Department of Gastroenterology and Hepatology, Renji Hospital, School of Medicine, Shanghai Jiao Tong University, Shanghai Institute of Digestive Disease, Shanghai, 200001, China.
Division of Gastroenterology and Hepatology, Key Laboratory of Gastroenterology and Hepatology, Ministry of Health, State Key Laboratory for Oncogenes and Related Genes, Renji Hospital, School of Medicine, Shanghai Jiao Tong University, Shanghai Institute of Digestive Disease, 145 Middle Shandong Road, Shanghai, 200001, China.
Adv Exp Med Biol. 2020;1253:259-283. doi: 10.1007/978-981-15-3449-2_10.

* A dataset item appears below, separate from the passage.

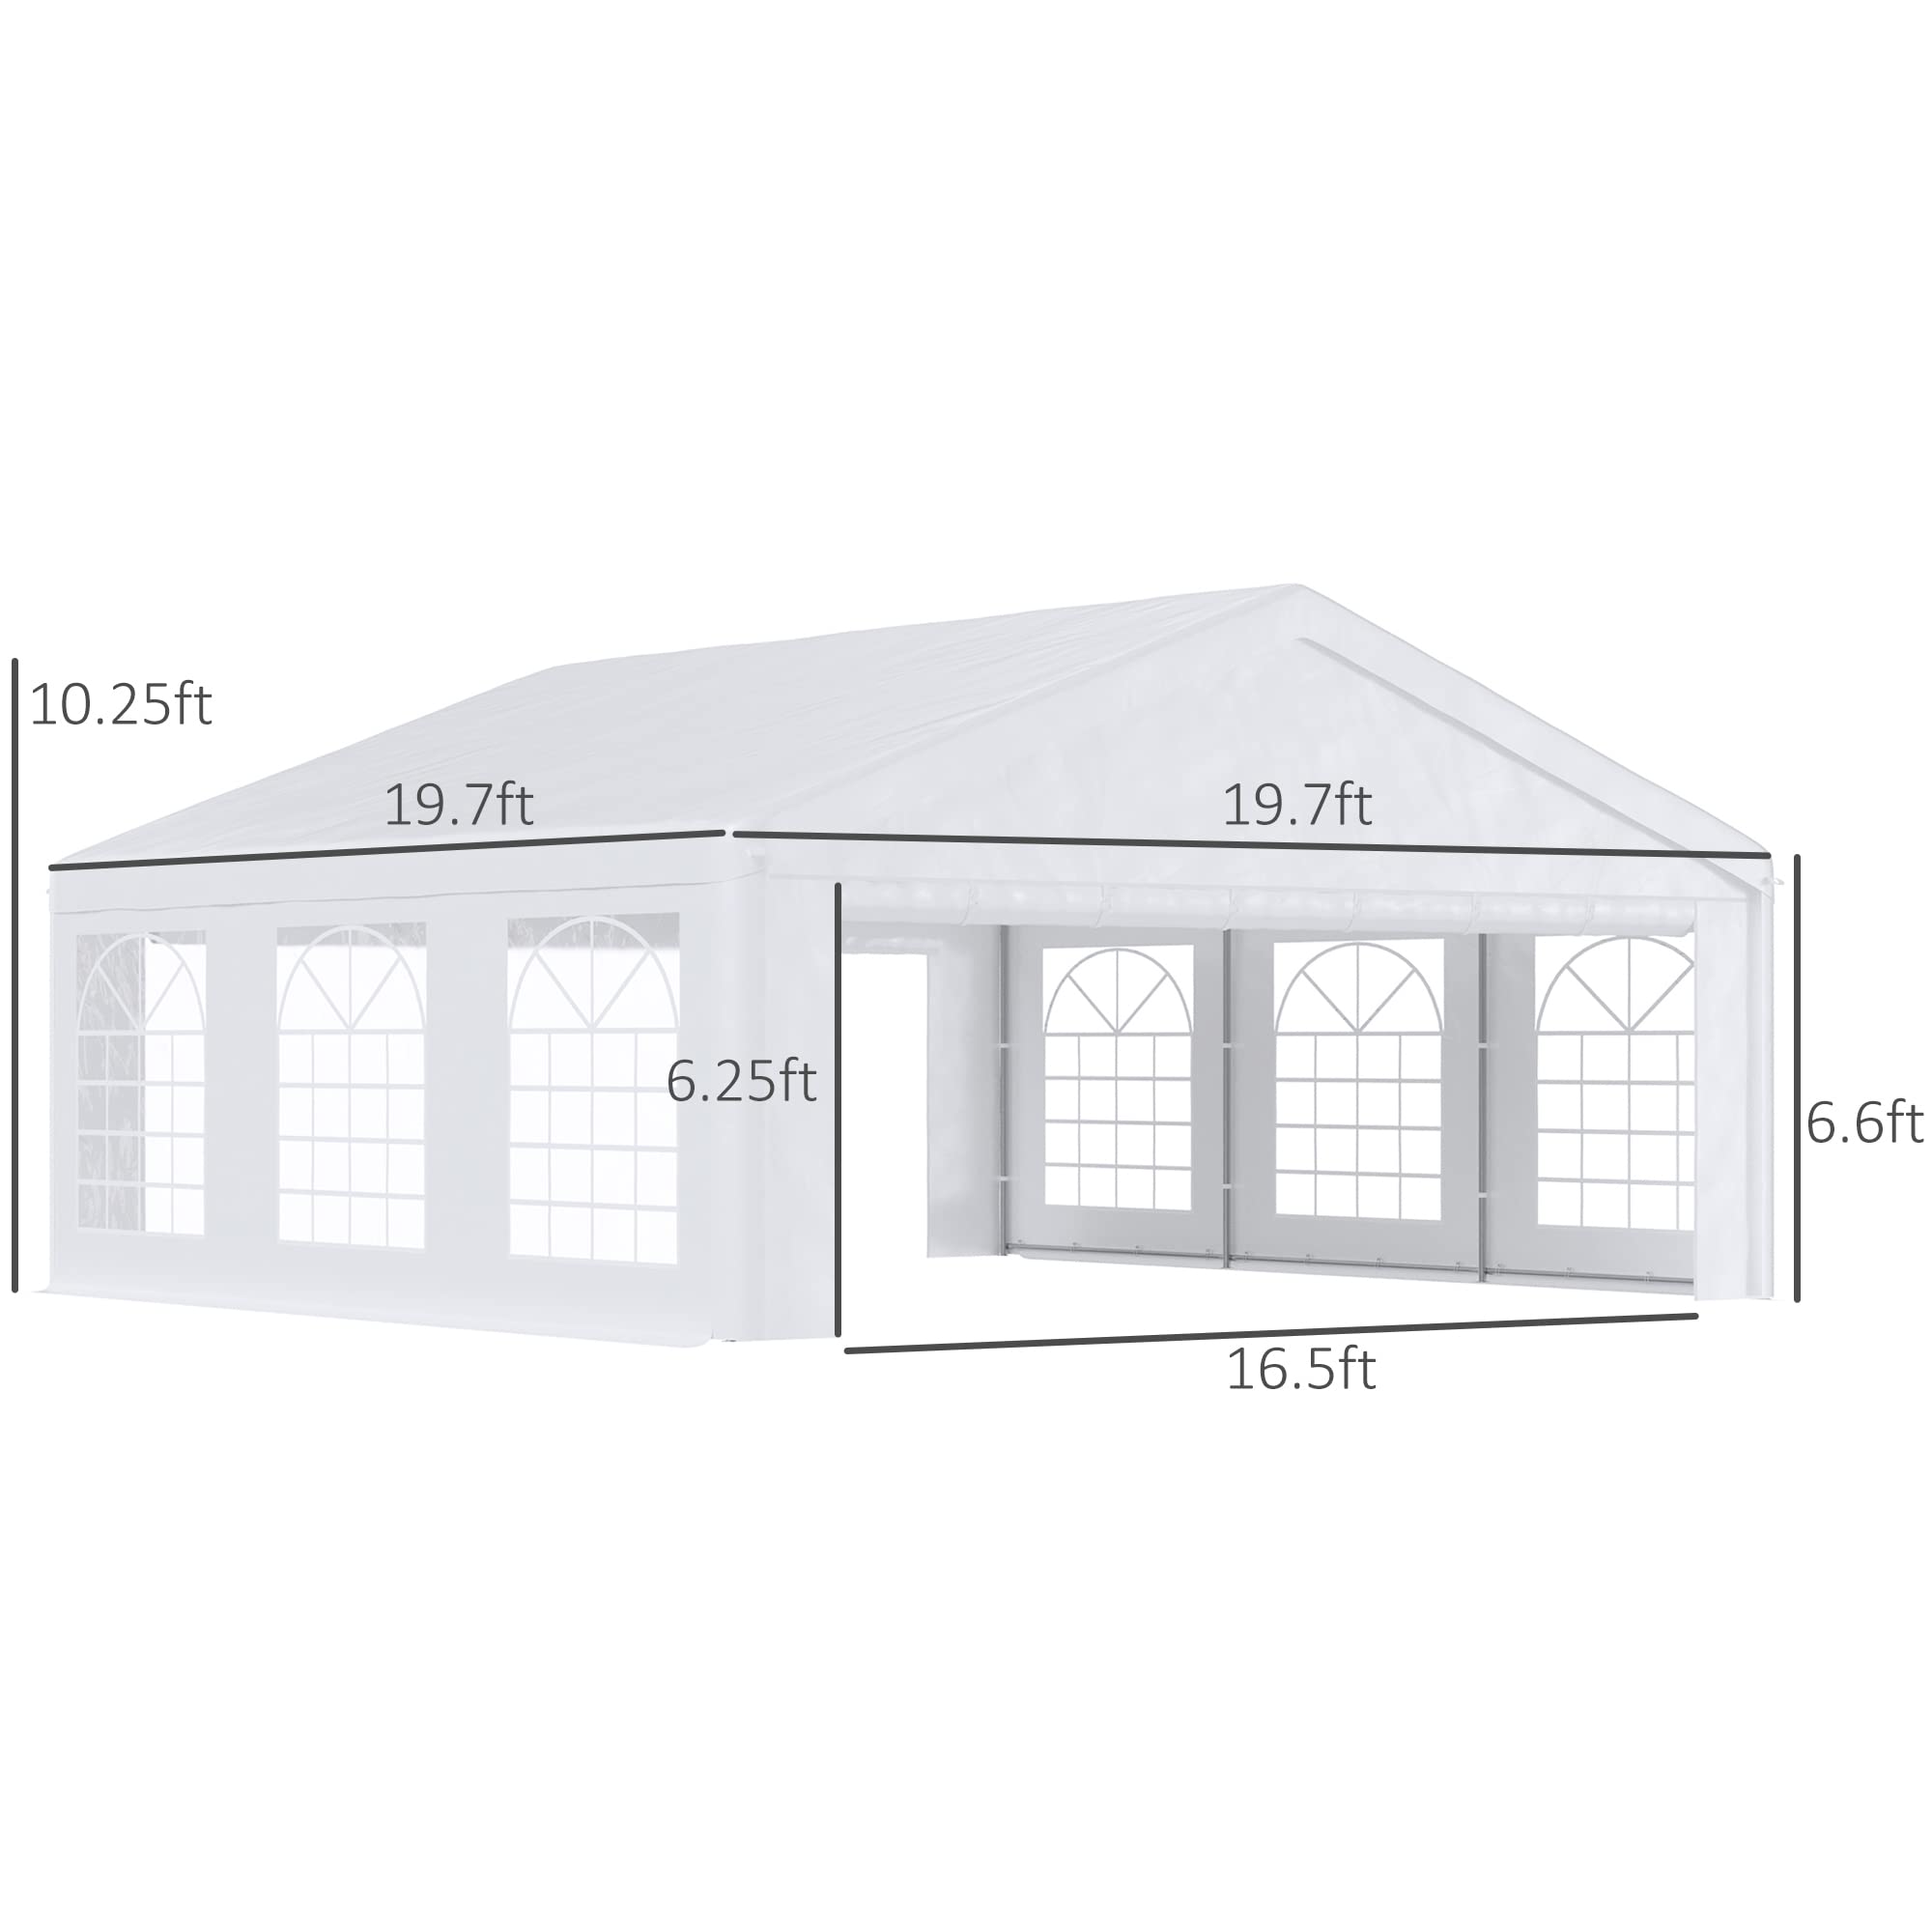 Outsunny 20' x 20' Heavy Duty Party Tent & Carport with Removable Sidewalls and Double Doors, Large Canopy Tent, Sun Shade Shelter, for Parties, Wedding, Outdoor Events, BBQ, White

Primary biliary cholangitis (PBC) is a chronic cholestatic liver disease with non-suppurative destruction of the intrahepatic bile ducts. The interplay of genetics and environmental triggers contributes to the onset of the disease and subsequently results in cholestasis and progressive fibrosis. Recently, genome-wide association studies (GWAS) have identified multiple genes influencing the susceptibility to PBC in HLA and non-HLA loci. However, it is estimated that the known risk variants merely account for no more than 20% of the heritability of PBC and causes of the remaining heritability remain uncertain. Increasing evidence suggests that the presence of epigenetic abnormalities may explain the "missing heritability" that cannot be captured by GWAS. Among these epigenetic mechanisms, DNA methylation, histone modification, and noncoding RNAs (i.e. miRNA and lncRNA) are involved in the pathogenesis of PBC. Additionally, telomere dysregulation in biliary epithelial cells (BECs) may play a role in disease onset, whereas a deficiency in sex chromosome and skewed gene expression in the X chromosome may to some extent explain the female dominance in PBC.
原发性胆汁性胆管炎(PBC)是一种慢性胆汁淤积性肝病,伴有肝内胆管非化脓性破坏。遗传和环境触发因素的相互作用导致疾病的发生,随后导致胆汁淤积和进行性纤维化。最近,全基因组关联研究(GWAS)已经确定了多个影响 PBC 在 HLA 和非 HLA 基因座易感性的基因。然而,据估计,已知的风险变异仅占 PBC 遗传率的 20% 以下,其余遗传率的原因仍不确定。越来越多的证据表明,表观遗传异常的存在可能解释了 GWAS 无法捕捉到的“缺失遗传率”。在这些表观遗传机制中,DNA 甲基化、组蛋白修饰和非编码 RNA(即 miRNA 和 lncRNA)参与了 PBC 的发病机制。此外,胆管上皮细胞(BEC)中端粒的失调可能在疾病发病中起作用,而性染色体的缺陷和 X 染色体上基因表达的偏斜在某种程度上解释了 PBC 中女性的优势。